Why does he do things like that?

It was the question running through my head. It had been running through my head since the first time I had seen him pulling off one of his stunts. It would probably still be running through my head fifty years from now, if I managed to live that long. But the question would always be there.

It had been answered many times before. He's an idiot. He wants attention. He has no friends. He is a demon. He is like that. None of these answers are right, I know. I've been inside that boys mind, I've seen what goes on there. I know, because in a way, I am the same. He just wants recognition. He just wants to be loved.

I can only imagine what his life was like as a child. Did they try to kill him? I'm positive they did. How many times did he lay awake, listening for them? How many times did he take their hits, waiting for it to finally end for good? How many times did the villagers almost get their cruel, shared wish? It brings me great pain to think of all the times this may have happened. Because my parents have helped to hurt him. Because, at one time, I wanted to go with them.

The faces of our past Hokage are stained with his paint. When he did it, was he wishing they would cry for him? He never cried for himself, not once. Because crying was for babies, and he was forced to grow up far before his time. The villagers say that, every time he painted the Hokage's faces, he was defacing a precious piece of art. Why then, do they think it is okay for them to hurt him? They say that every person is a beautiful picture, a precious gift to the world. If they are so against the destruction of precious things, why do they constantly destroy him? For every person is precious, and he is also a person. Is he not precious as well?
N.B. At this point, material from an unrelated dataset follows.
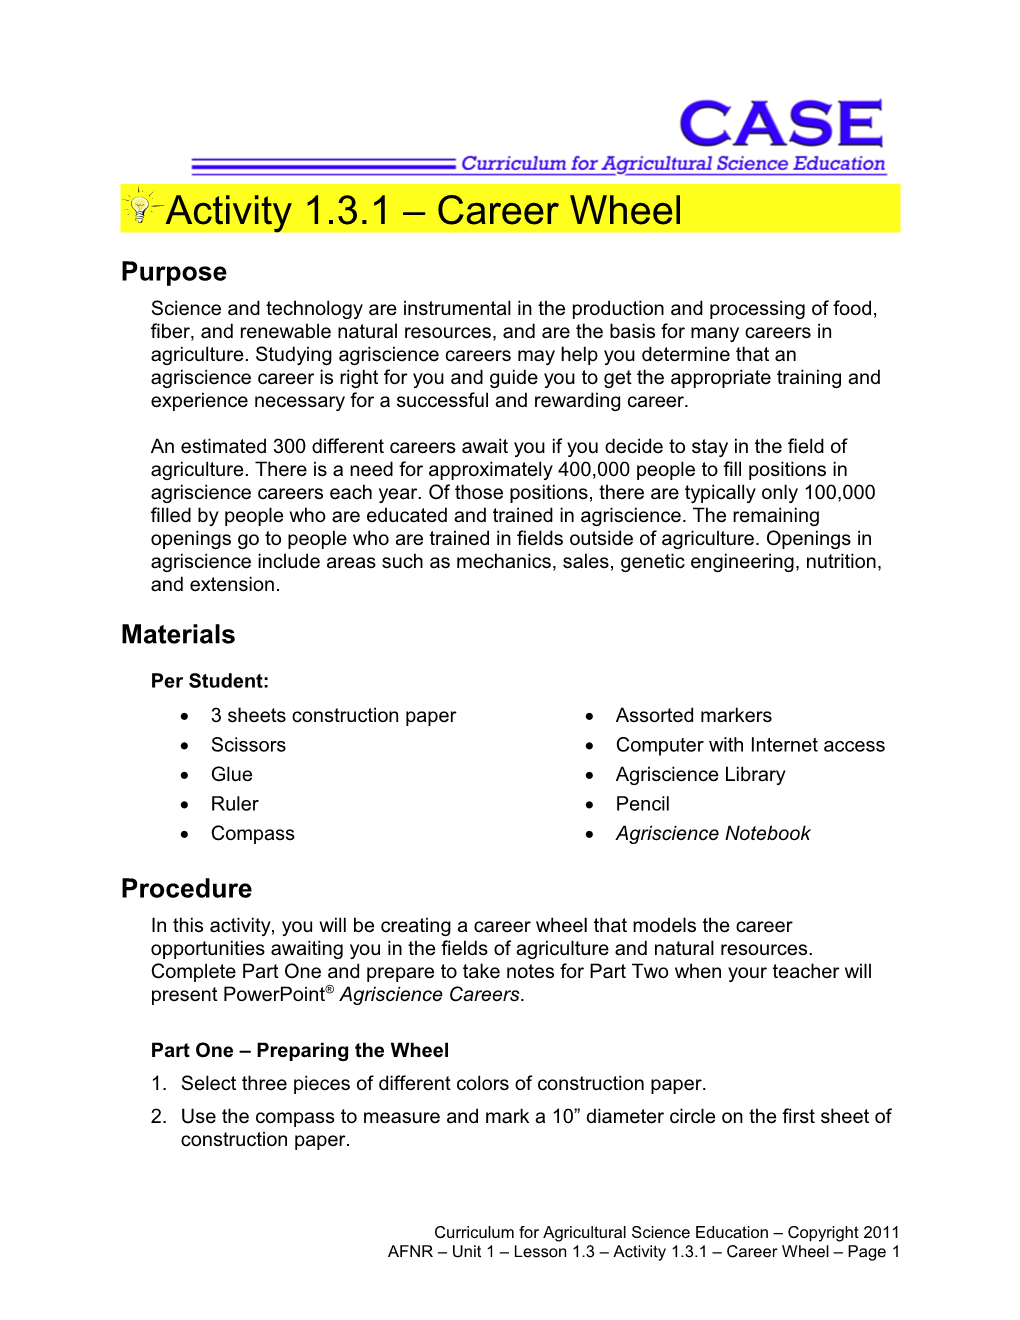 Activity 1.3.1 Career Wheel

He has grown up hearing that he is unimportant. So many people tell him that he will never make it, that he won't be Hokage, that he is not going to do anything to change the world. And, over the years, he has started to believe it. His heart is broken, his very essence shattered. There is a gaping hole in his side, and the village has left it open and bleeding profusely. They have left him to heal it himself, and clean up the mess after.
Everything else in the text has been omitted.